- [Instructions to follow] Skip the pictures and give back the rest of the listing exactly.

- [Data excerpt]
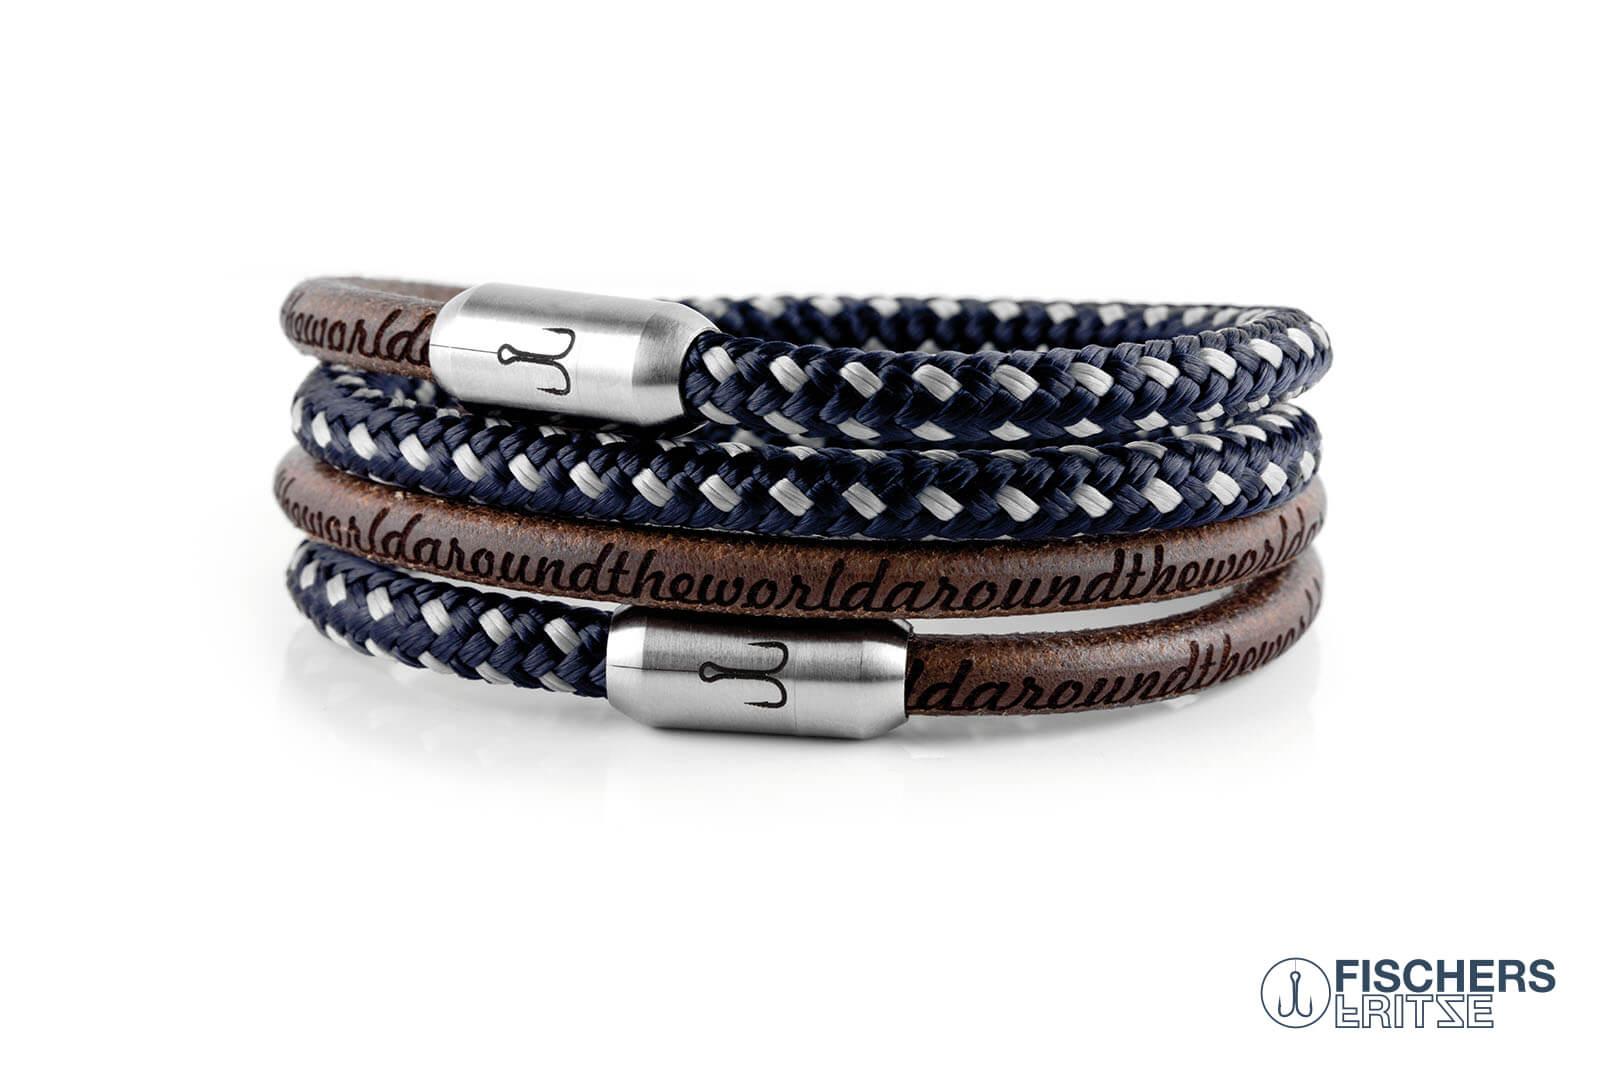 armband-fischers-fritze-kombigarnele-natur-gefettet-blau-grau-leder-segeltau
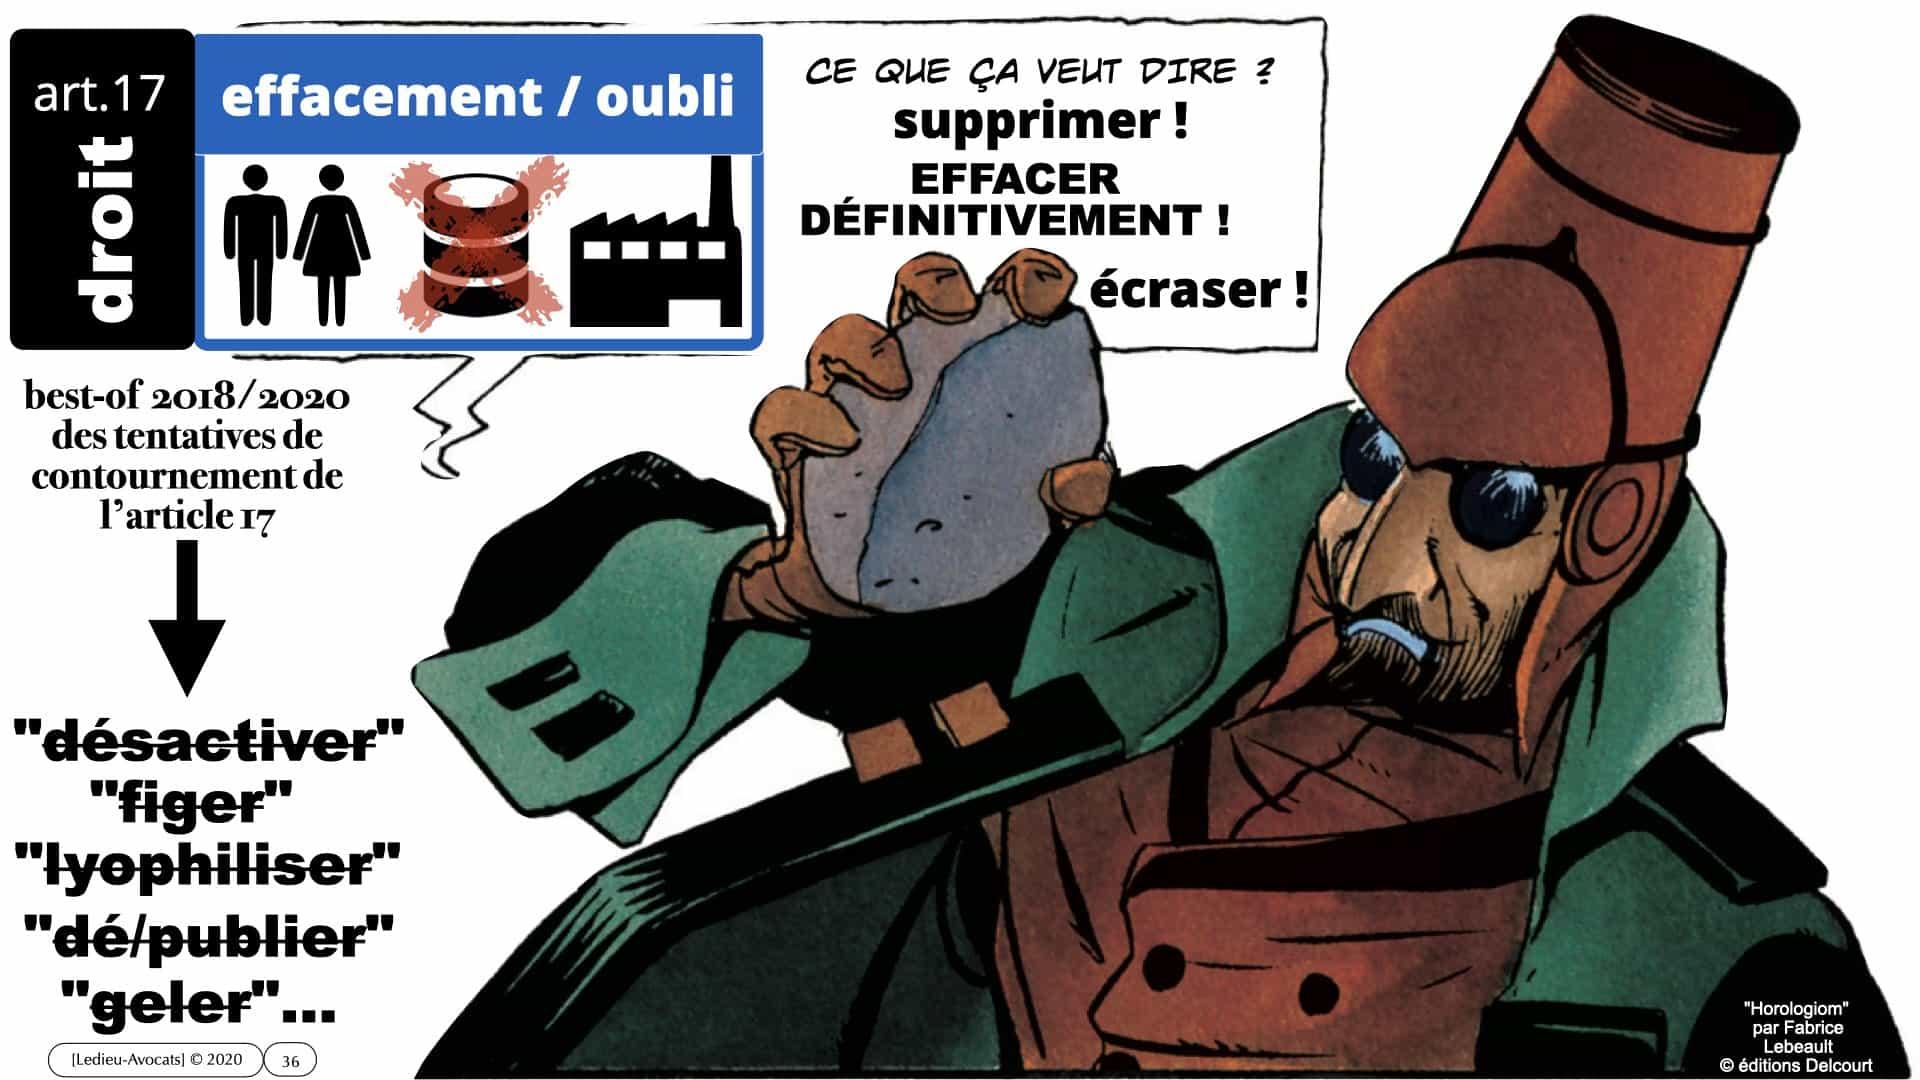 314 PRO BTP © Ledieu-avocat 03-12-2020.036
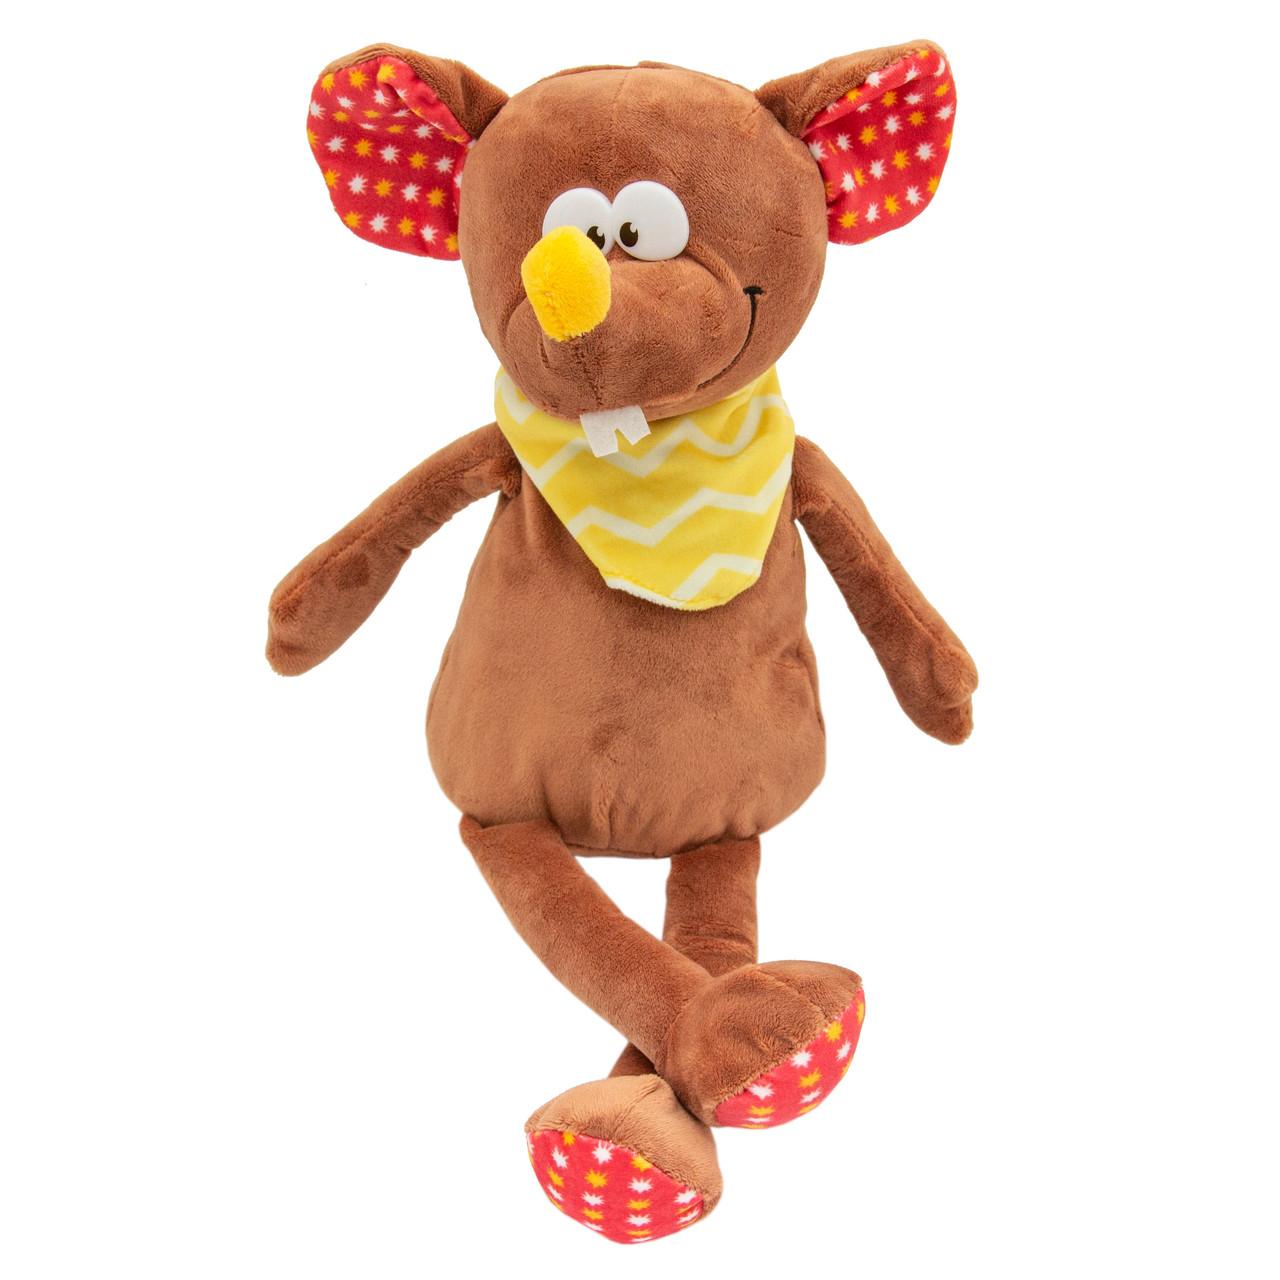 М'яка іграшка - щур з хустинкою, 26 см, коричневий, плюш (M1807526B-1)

- [Solved exercise]
 armband-fischers-fritze-kombigarnele-natur-gefettet-blau-grau-leder-segeltau
 314 PRO BTP © Ledieu-avocat 03-12-2020.036
 М'яка іграшка - щур з хустинкою, 26 см, коричневий, плюш (M1807526B-1)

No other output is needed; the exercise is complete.